# mice pick and mix



## SarahC (Oct 3, 2008)

Saturdays are for mouse sorting.A few bits and bobs in the pipeline.My orange splashed have come on in leaps and bounds.Initially they were very washed out and barely splashed.Now they are almost as good a colour as my brindles which I didn't think would be achievable.
Splashed








Brindle








I've bred a line of diluted pieds that are pleasing to my eyes for tri production.








Earlier in the year I got a provisional standard accepted for the silver blues.I rarely show silverd mice but I've had them for more than a decade because I find them attractive
Silver Blue baby








50 shades of Grey mice,all from one litter


----------



## andypandy29us (Aug 10, 2012)

love the orange and the 50 shades of grey mice  they are all beautiful


----------



## Kitei (Feb 4, 2013)

The silvered blues are very appealing. Impressed by the brindle/splashed comparisons, too.


----------



## TwitchingWhiskers (Feb 2, 2013)

They look great. Great color on the orange splashed


----------



## Seafolly (Mar 13, 2012)

Wow I love the diluted pied markings. I would have called them broken! (shows how much I know)

Orange splashed...new favourite variety.


----------



## Skye_29 (Jan 7, 2013)

I'm such a sucker for grey mice.
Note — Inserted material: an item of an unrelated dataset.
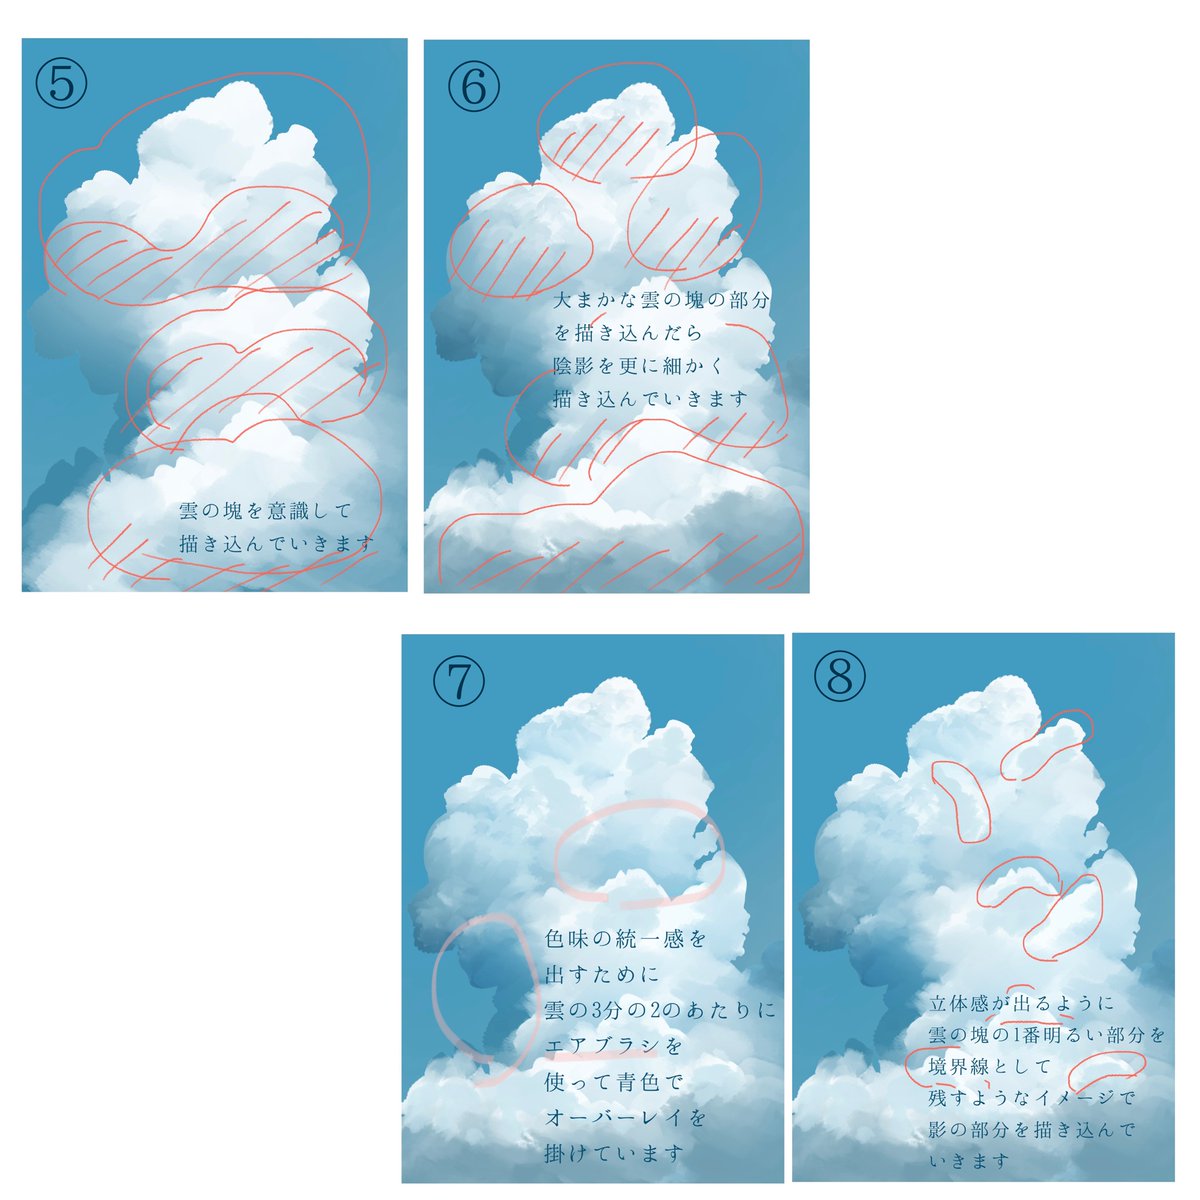 雲の描き方のメイキングです
※リプツリーに続きます

#イラストメイキング

They all look fantastic though


----------



## windyhill (Jan 19, 2010)

Lovely!


----------



## nataliew (Feb 2, 2013)

stunning splashed mice


----------



## Cait (Oct 3, 2008)

SarahC said:


> Saturdays are for mouse sorting.A few bits and bobs in the pipeline.My orange splashed have come on in leaps and bounds.


Saturdays are for mouse sorting here too  your orange splashed are looking really nice.


----------



## ThatCertainGlow (Jun 23, 2012)

Congratulations on the splashed, they are really much improved. I love the seven grey beauties.  Good luck with the new standard.


----------